━━━━━ Provided data
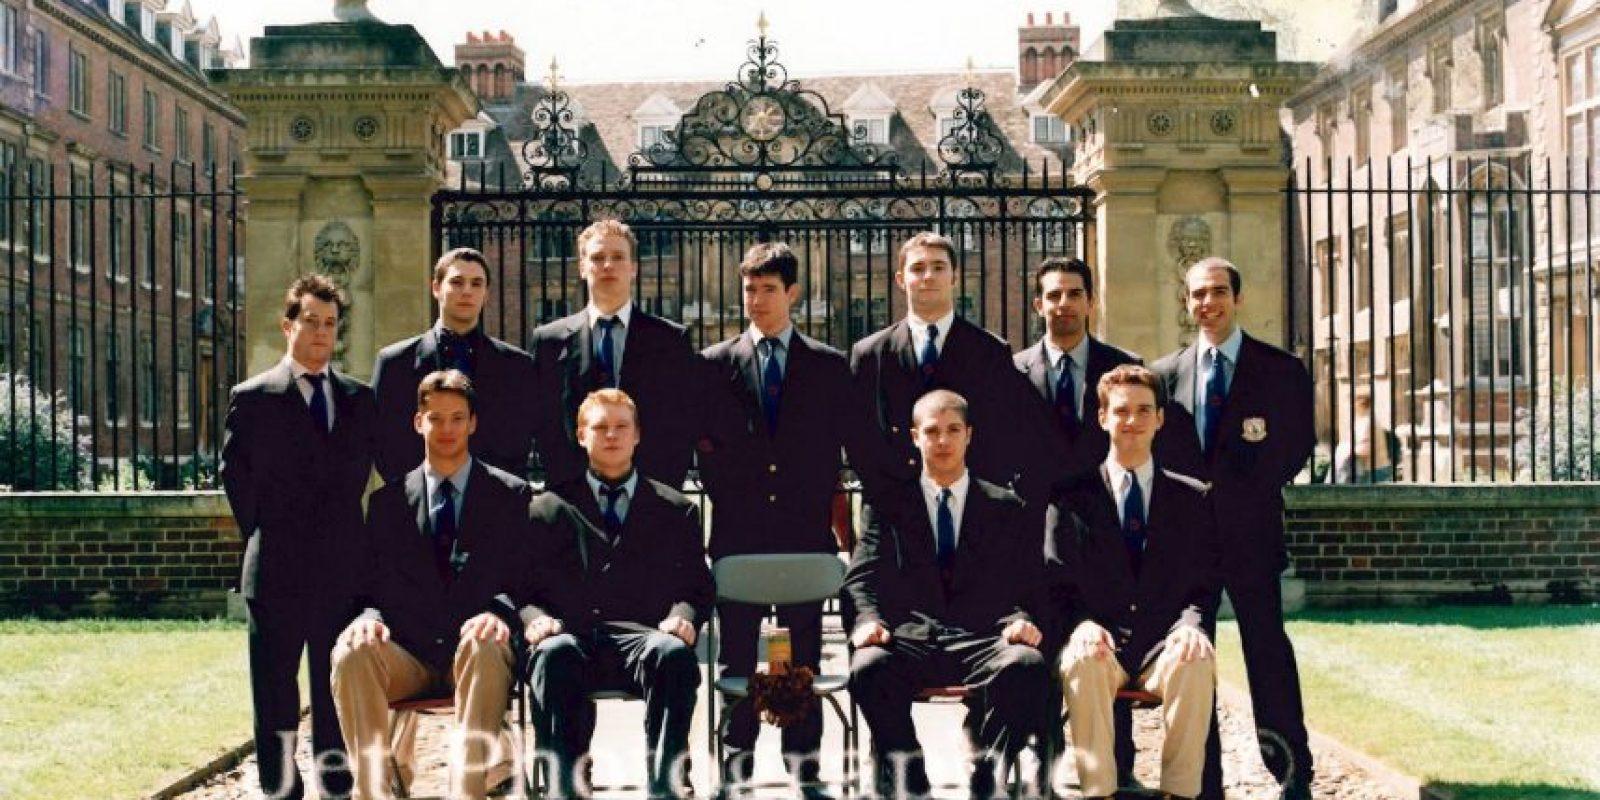 En él permitirá que los hombres utilicen faldas y las mujeres pantalón. Foto:Vía facebook.com/stcatharines.cambridge
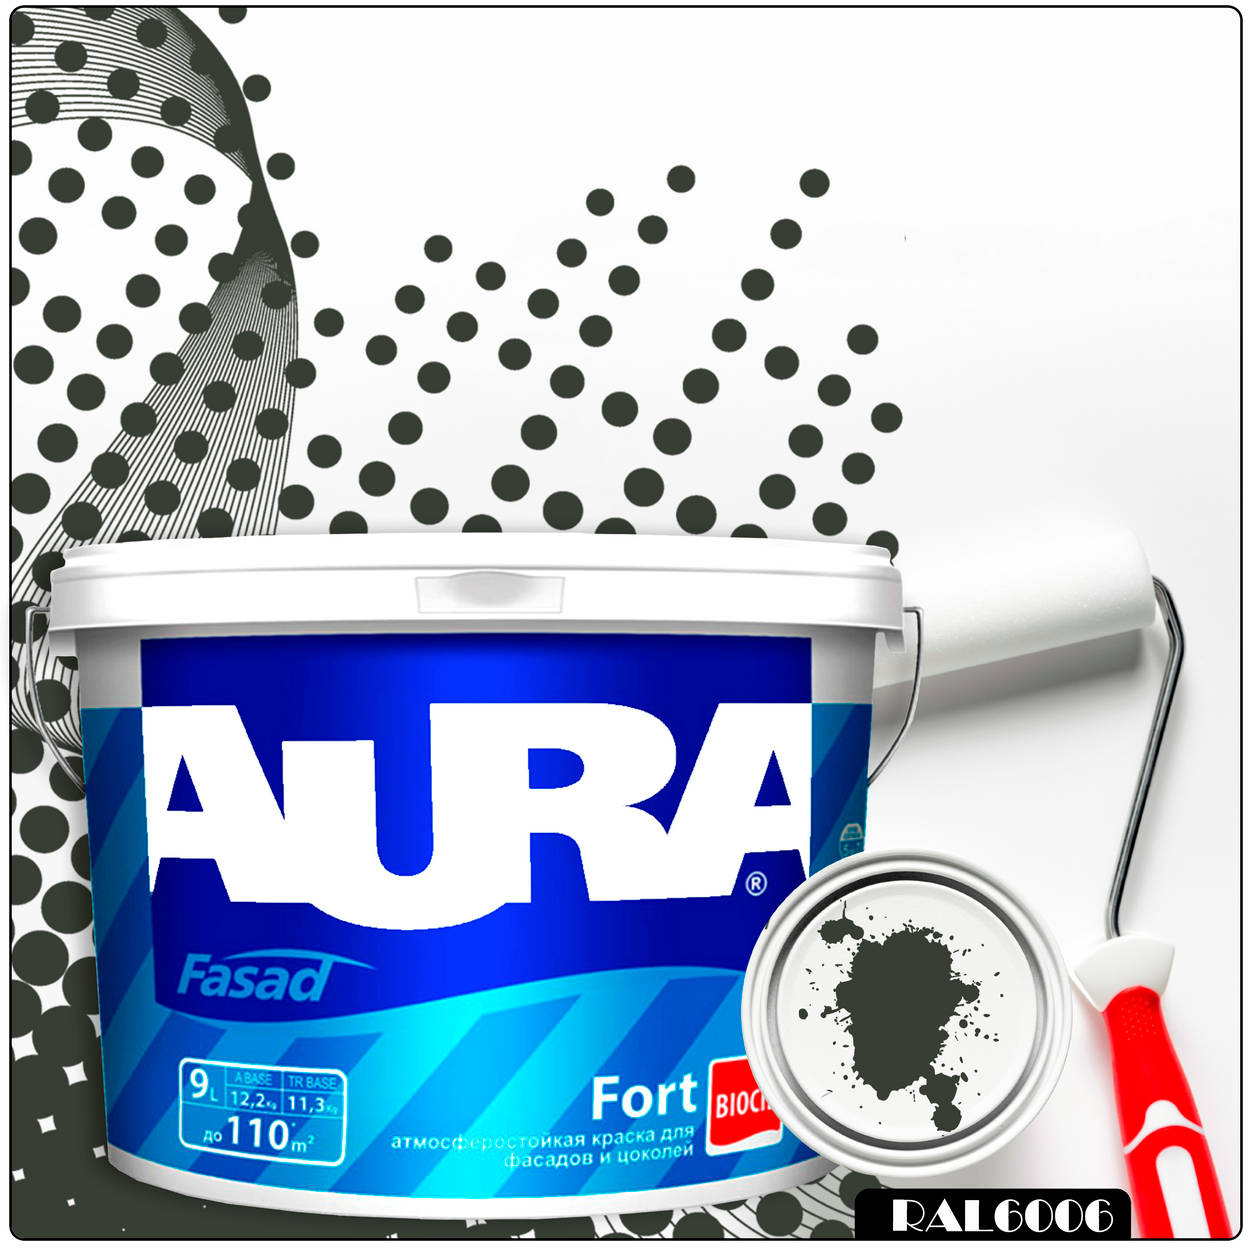 Фото 7 - Краска Aura Fasad Fort, RAL 6006 Серо-оливковый, латексная, матовая, для фасада и цоколей, 9л, Аура.
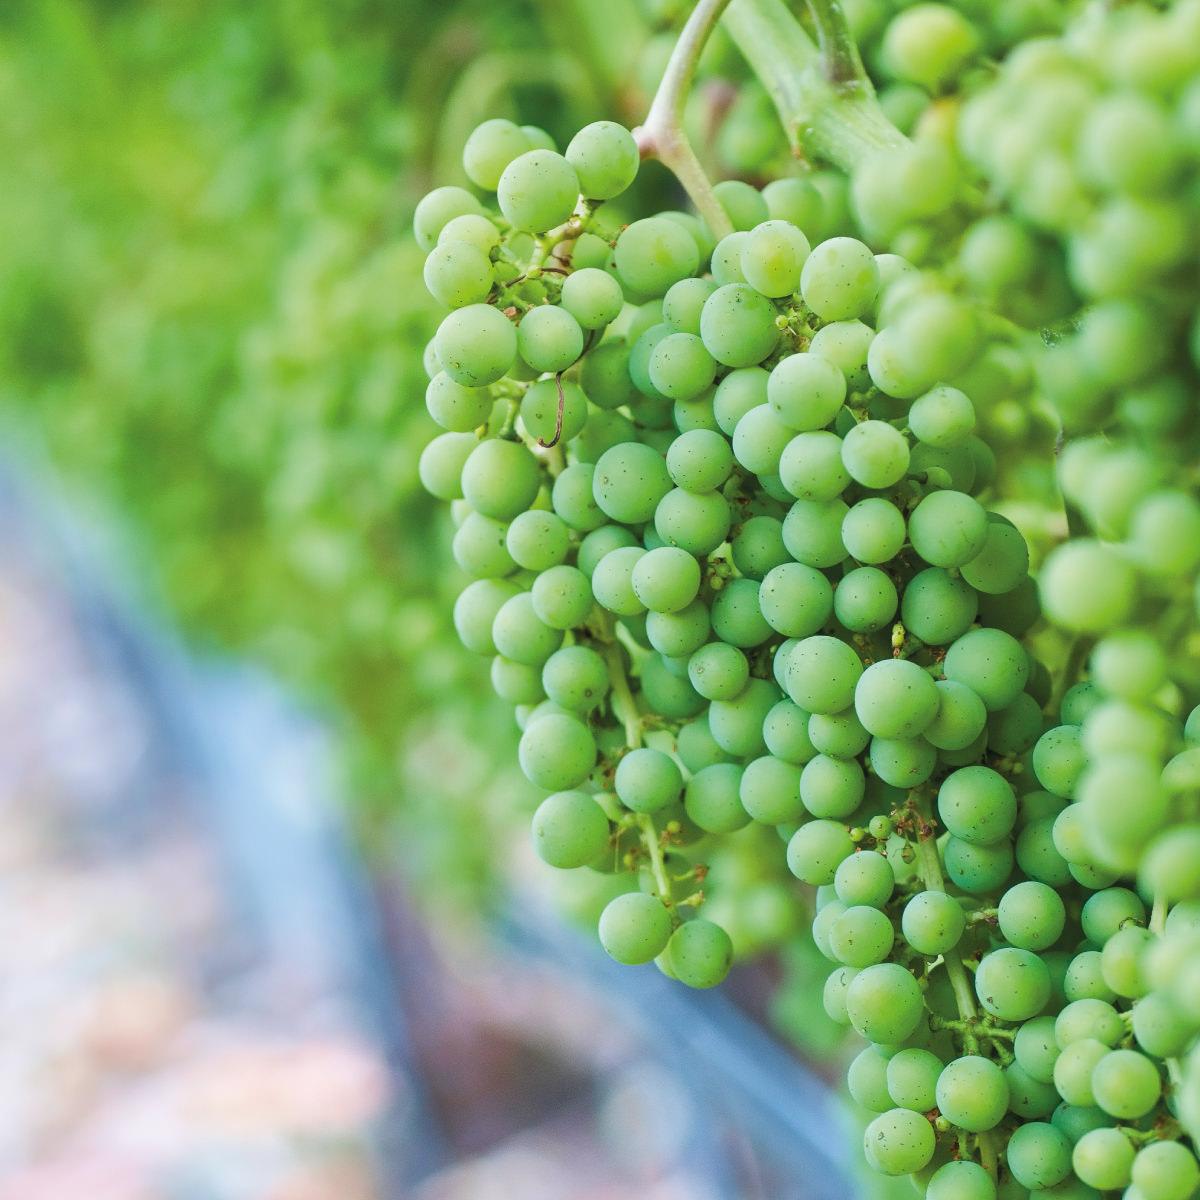 Zarpellon agricoltura-riduzione-fitofarmaci
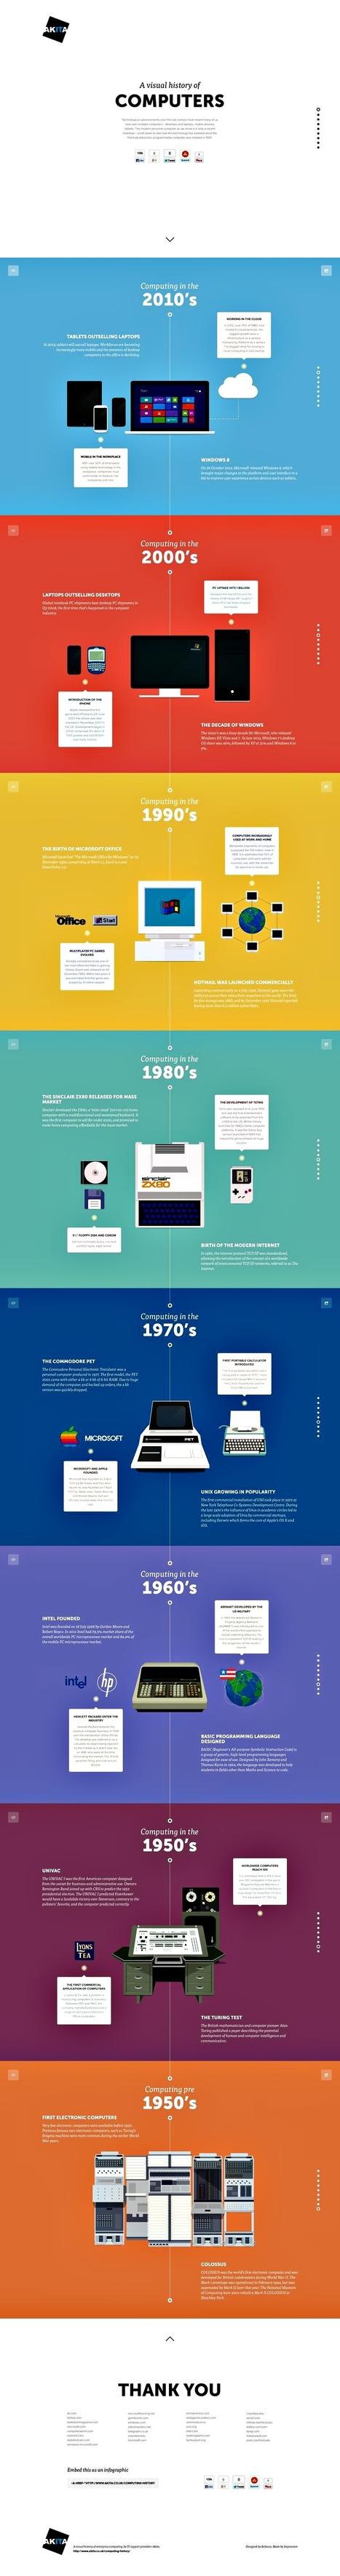 L'histoire des ordinateurs (infographie) | Tout le web | Scoop.it
━━━━━━━━━━
Go to the line containing "Фото 7 - Краска", then write out word for word every line from there to the end of the listing. Keep both end lines and drop the pictures.

● Exercise output
 Фото 7 - Краска Aura Fasad Fort, RAL 6006 Серо-оливковый, латексная, матовая, для фасада и цоколей, 9л, Аура.
 Zarpellon agricoltura-riduzione-fitofarmaci
 L'histoire des ordinateurs (infographie) | Tout le web | Scoop.it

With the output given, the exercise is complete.